# 1950's Columbia Headset size



## fire_strom (Nov 4, 2013)

I have a Columbia built Goodyear and the headset is toast. I pulled it out and the cups were 33.3mm. the steer tube was 25.4mm OD and the ID was 22mm.

There could be a step on the bottom of the steer tube that bumps up the crown race size but I couldn't tell.

None of these number seem to match the numbers on the headsets I see for sale. The Old school BMX ones are closest but not that close.

Are my numbers off or am I stuck shimming or what. 

I tried searching the forum but didn't see an answer.





Thanks
Scott


----------



## fire_strom (Nov 4, 2013)

The bearing is marked 52.
Scott


----------



## fire_strom (Nov 13, 2013)

btt

Am I the only one in the world with a 33.3mm head tube ID?
Help please!
Scott


----------



## Honestherman (Nov 14, 2013)

Scott, Did they use mm in 1950 for stuff made in USA?

I have a problem too
Most of my steering stems off other bikes are 7/8
But I have one great fork that will only take 13/16. I want a two piece stem so I can put some cool bars on it.
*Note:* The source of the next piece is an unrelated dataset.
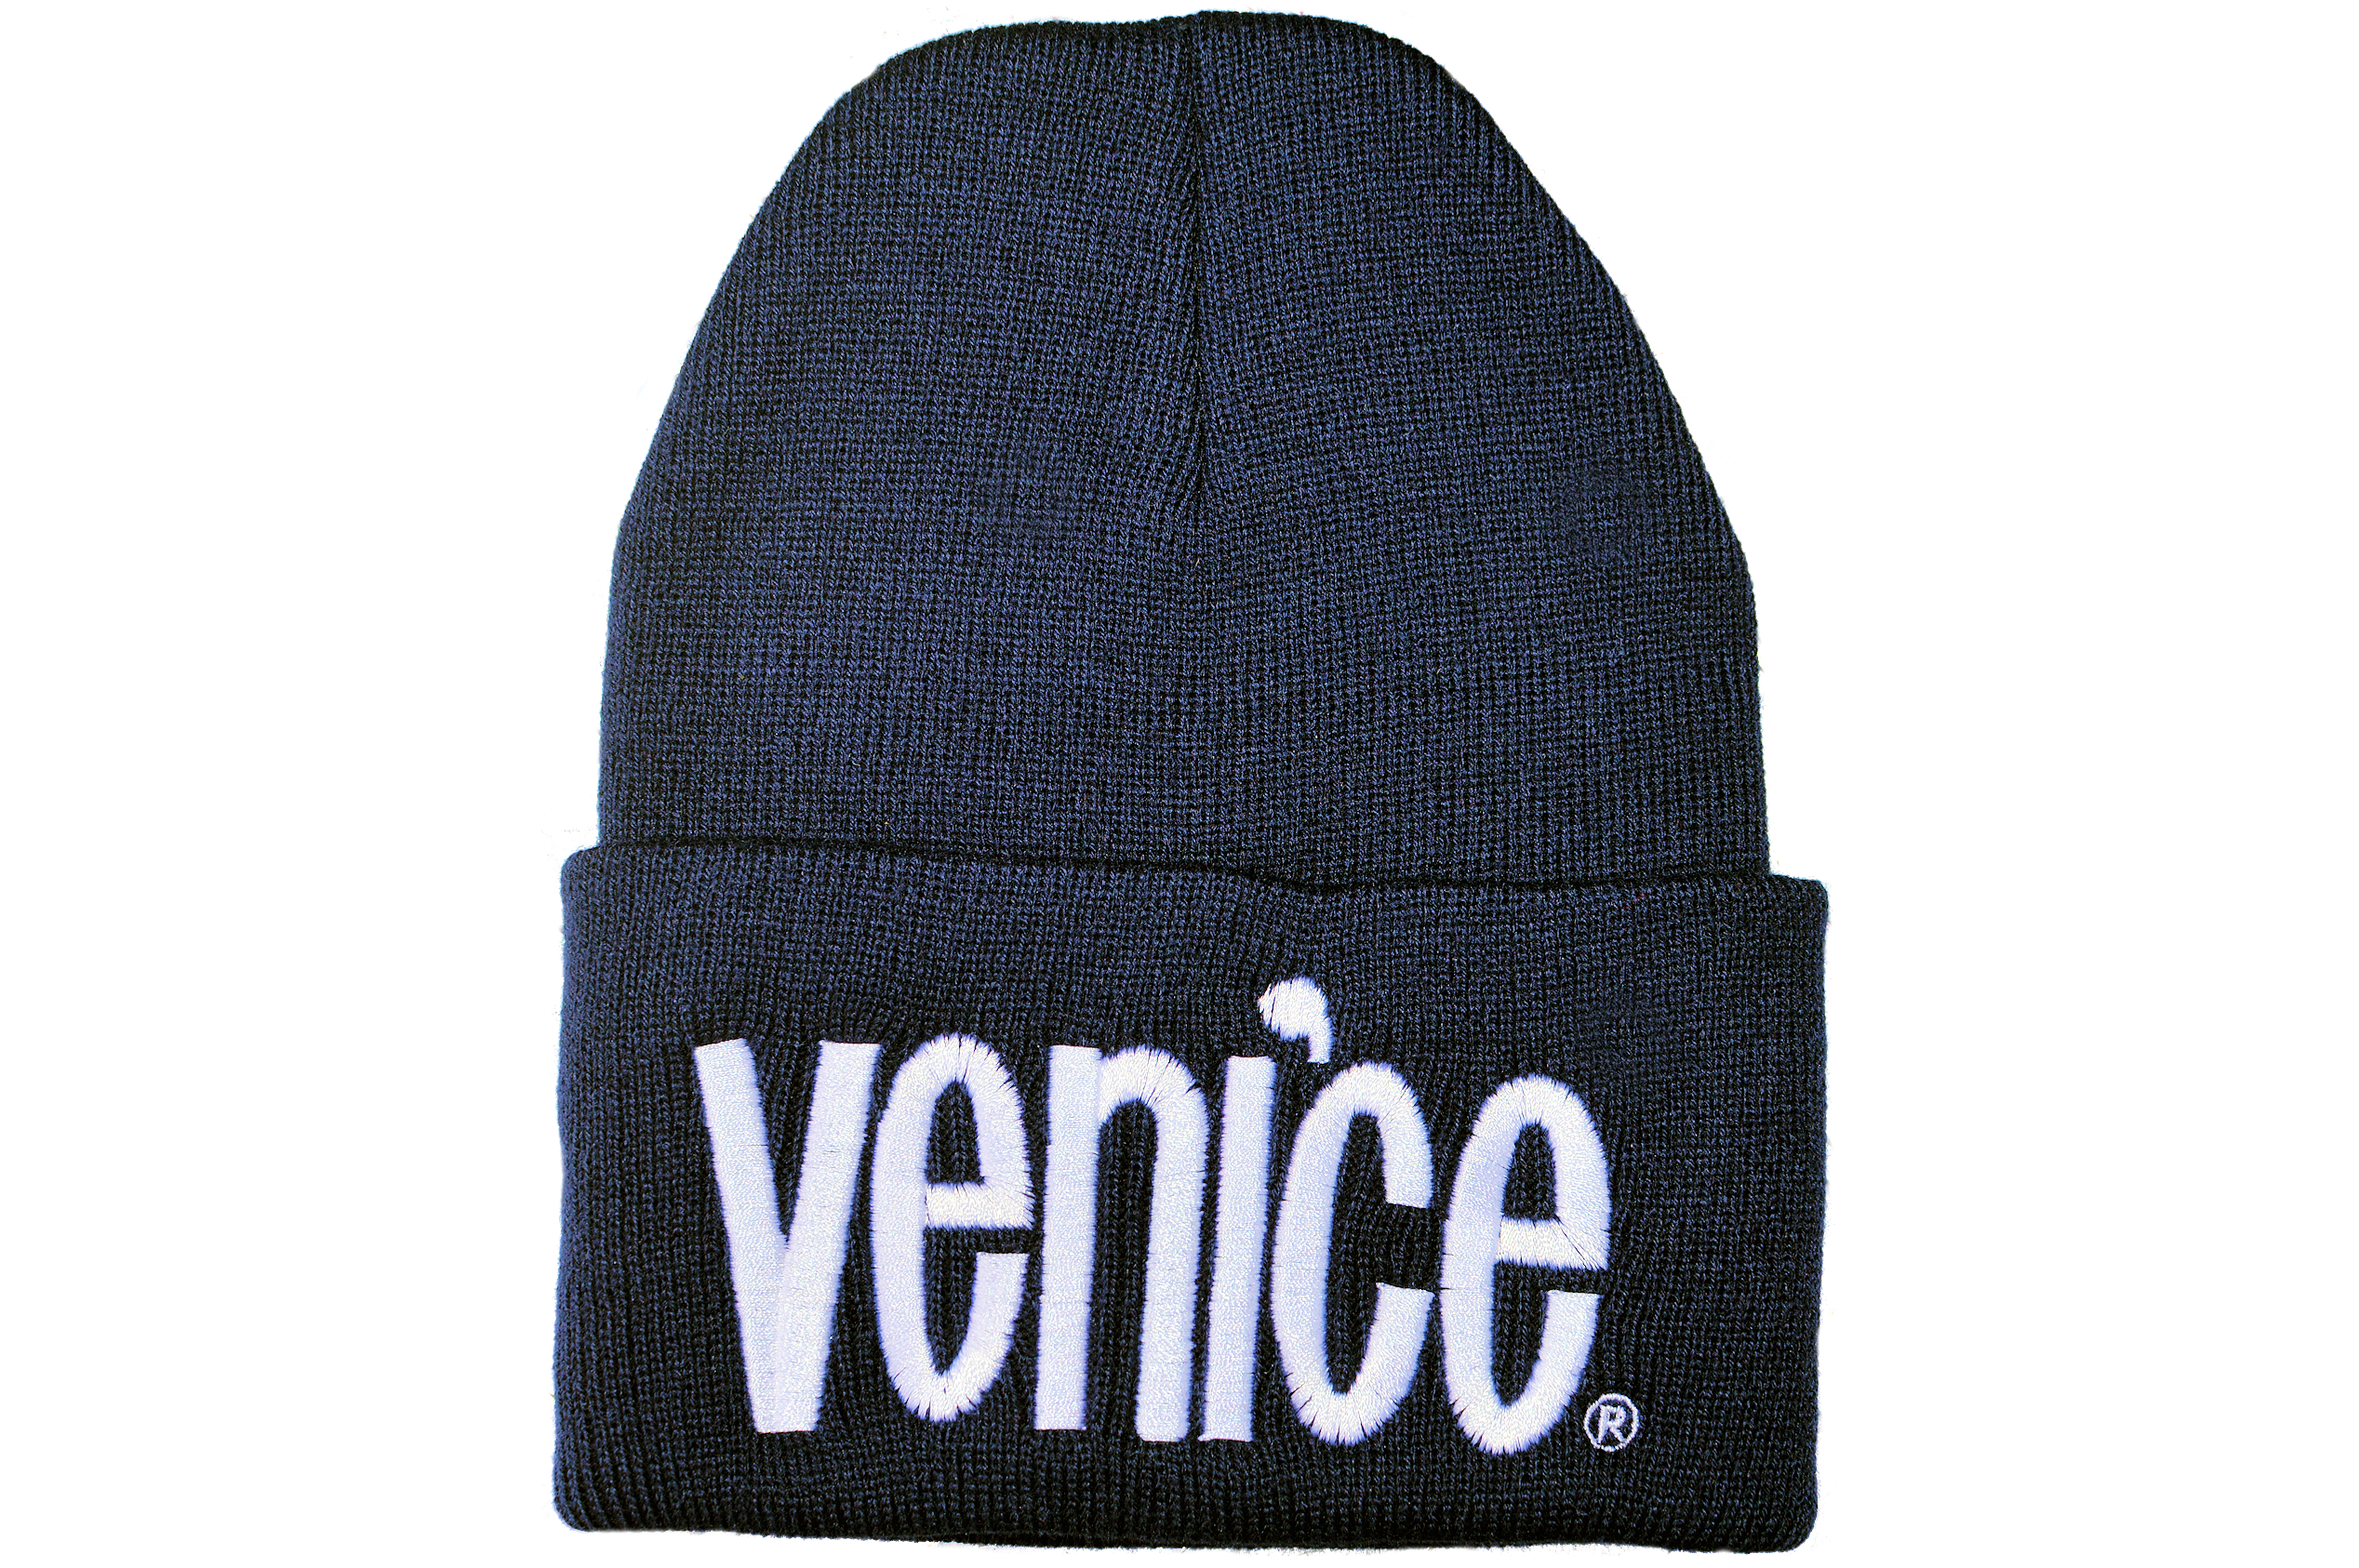 Venice Beanie

But NO Luck for me so far.


----------



## fire_strom (Nov 14, 2013)

I am pretty sure it would have been referred to in inches, 1.31 or 1 1/3 (close and easy, not exact.) I was using metric because that's what I see these days when referring to headset cups (but not steer tubes).
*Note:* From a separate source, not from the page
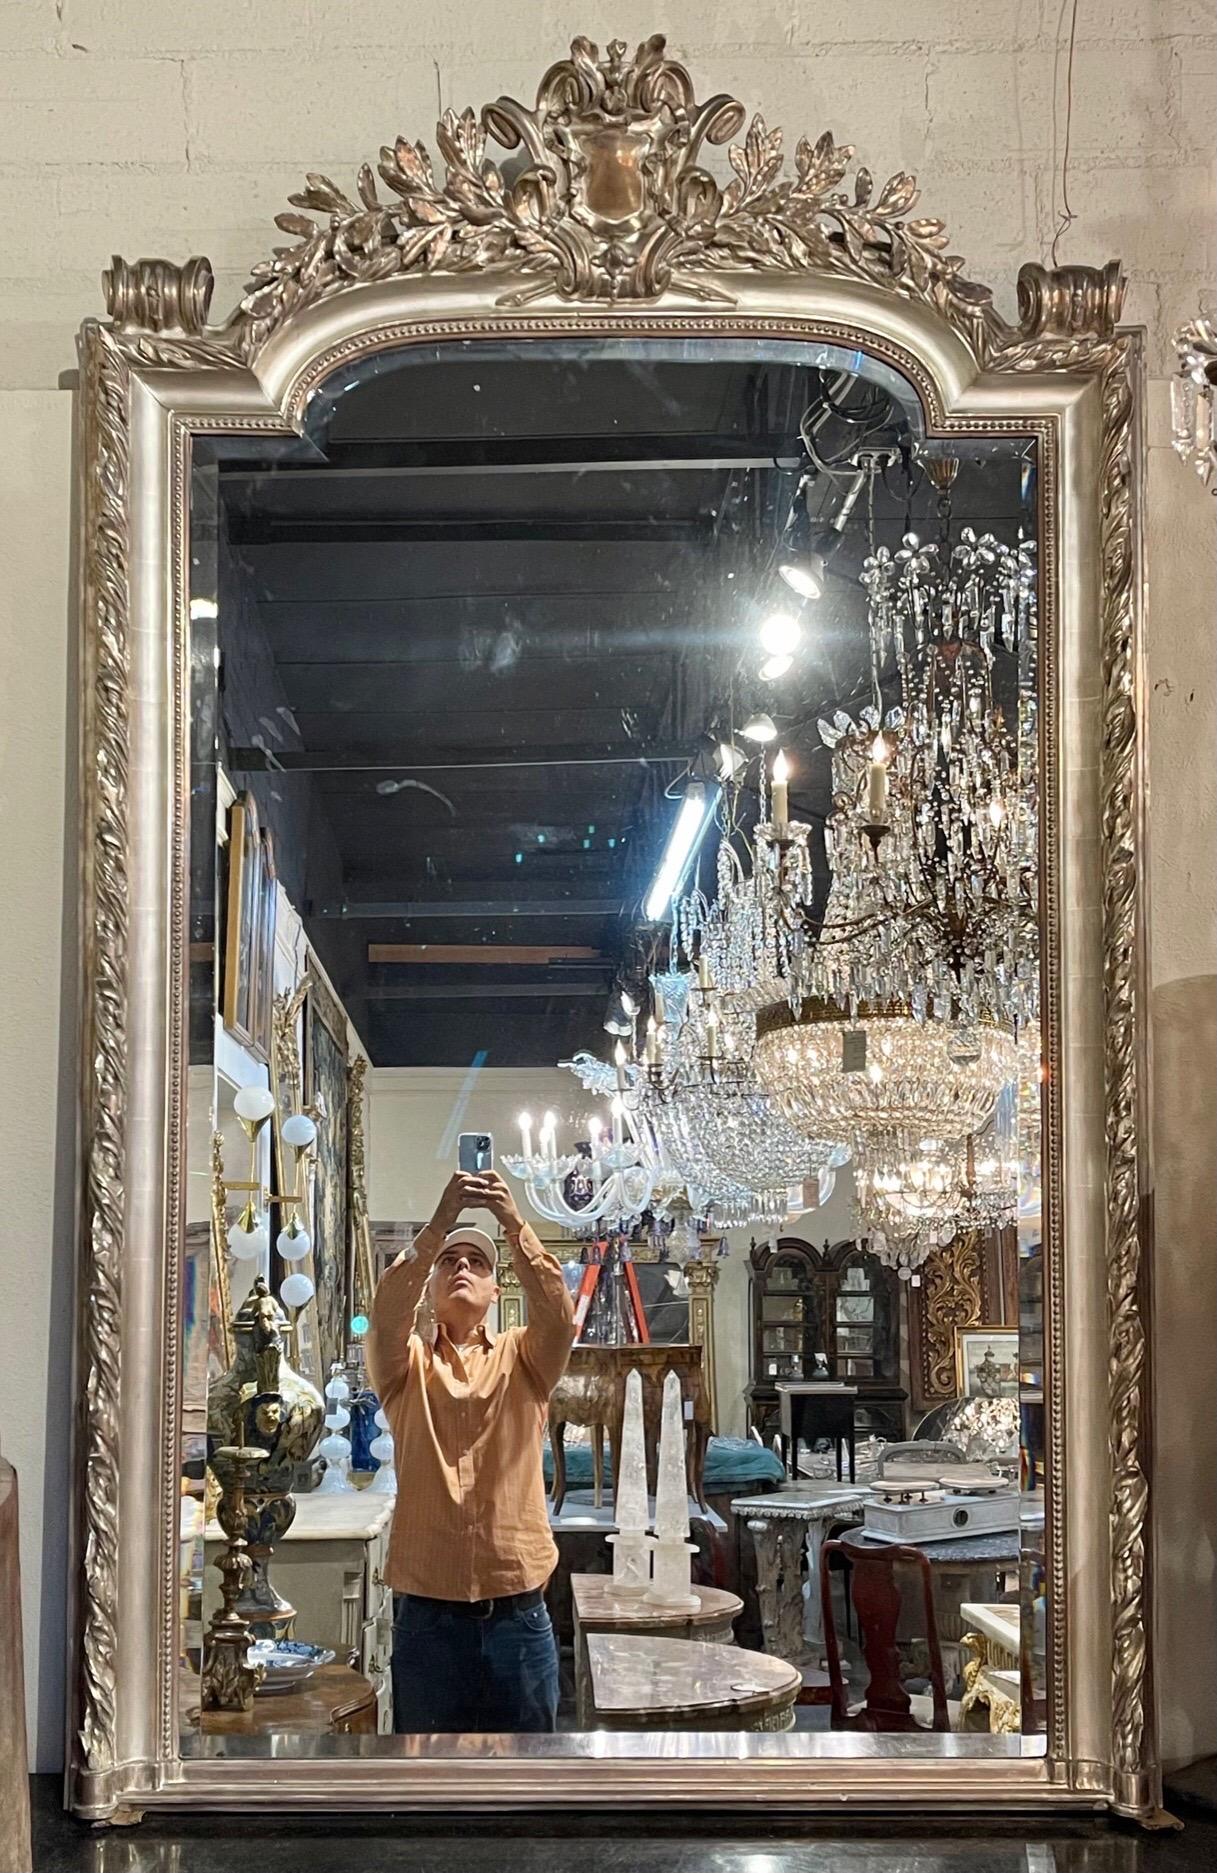 Erstaunlich große Französisch Louis XVI-Stil geschnitzt und Silber Blatt Spiegel mit abgeschrägten Glas. Mit einem kunstvoll geschnitzten Wappen an der Oberseite des Spiegels und einer fabelhaften Verarbeitung. Einfach atemberaubend!

There are shims that go from 13/16 to 7/8.  Not sure if that would help.

GL!

Scott


----------



## Freqman1 (Nov 14, 2013)

This is a standard headset. The only ones I'm aware of that were shimmed were the Monark Five/Four Bar bikes due to the 'collared' headtube. See link provided. V/r Shawn

http://www.ebay.com/itm/Mint-Vintag...ultDomain_0&hash=item565d9b3a50#ht_649wt_1177


----------



## fire_strom (Nov 14, 2013)

I saw that listing, he is a great seller IME. 
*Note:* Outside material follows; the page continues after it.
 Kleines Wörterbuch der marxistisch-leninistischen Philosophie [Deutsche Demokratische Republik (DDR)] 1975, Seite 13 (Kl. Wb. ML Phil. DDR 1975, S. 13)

The cups' ID's are almost a MM too small. That seems to loose. 1.28" (32.5mm) v. 1.3114" (33.3mm).

Is that within tolerance?

Thanks
Scott


----------



## Freqman1 (Nov 14, 2013)

They should be fine. V/r Shawn


----------



## fire_strom (Nov 20, 2013)

I am still struggling with this. I have two Columbia frames now and both measure out to 33.3. Is there really no headset designed to fit? Bore it out to 1 1/8th (34mm) and use a 1 1/8 to 1" reducing headset?
 Come on, some body here must have solved this.

Please-
Scott


----------



## Freqman1 (Nov 21, 2013)

The standard headset will fit. You are over thinking this. V/r Shawn


----------



## fire_strom (Dec 2, 2013)

Apparently you are under thinking it. Headset arrived today. Fits in neither frame. Cups are too small. 
Thanks. 
G


----------



## Freqman1 (Dec 2, 2013)

Can you post a pic of the fork and head tubes you are talking about? I'm particularly interested to see where the head tube meets the crown. Is the the area you have a problem with? V/r Shawn


----------



## fire_strom (Dec 2, 2013)

The crown is fine, the issue is the OD of the bearing cups where they press into the head tube is too small.
G


----------



## Treephoto1969 (May 31, 2020)

Thanks fire_strom - I have a Columbia also from 1950. I'm having the same issue. I wonder how you solved this?


----------



## Treephoto1969 (May 31, 2020)

Here is my Columbia bike. Thanks to help.  I also have a new reproduction Monark threaded fork with 1" (25.4mm) thread diameter that I'm putting on this bike.  Can't seem to find a headset with tthe proper bearing cups. Standard 32.5mm old school BMX headsets do not fit the bearing cups are a tad bit too small. (see video).


----------



## Archie Sturmer (May 31, 2020)

On some of my bikes with 33mm head tubes, I use 33mm headsets, with a press fit. 
However, besides saving the older headsets that we may presume might fit, I cannot advise where to find new or old stock 33mm headsets. 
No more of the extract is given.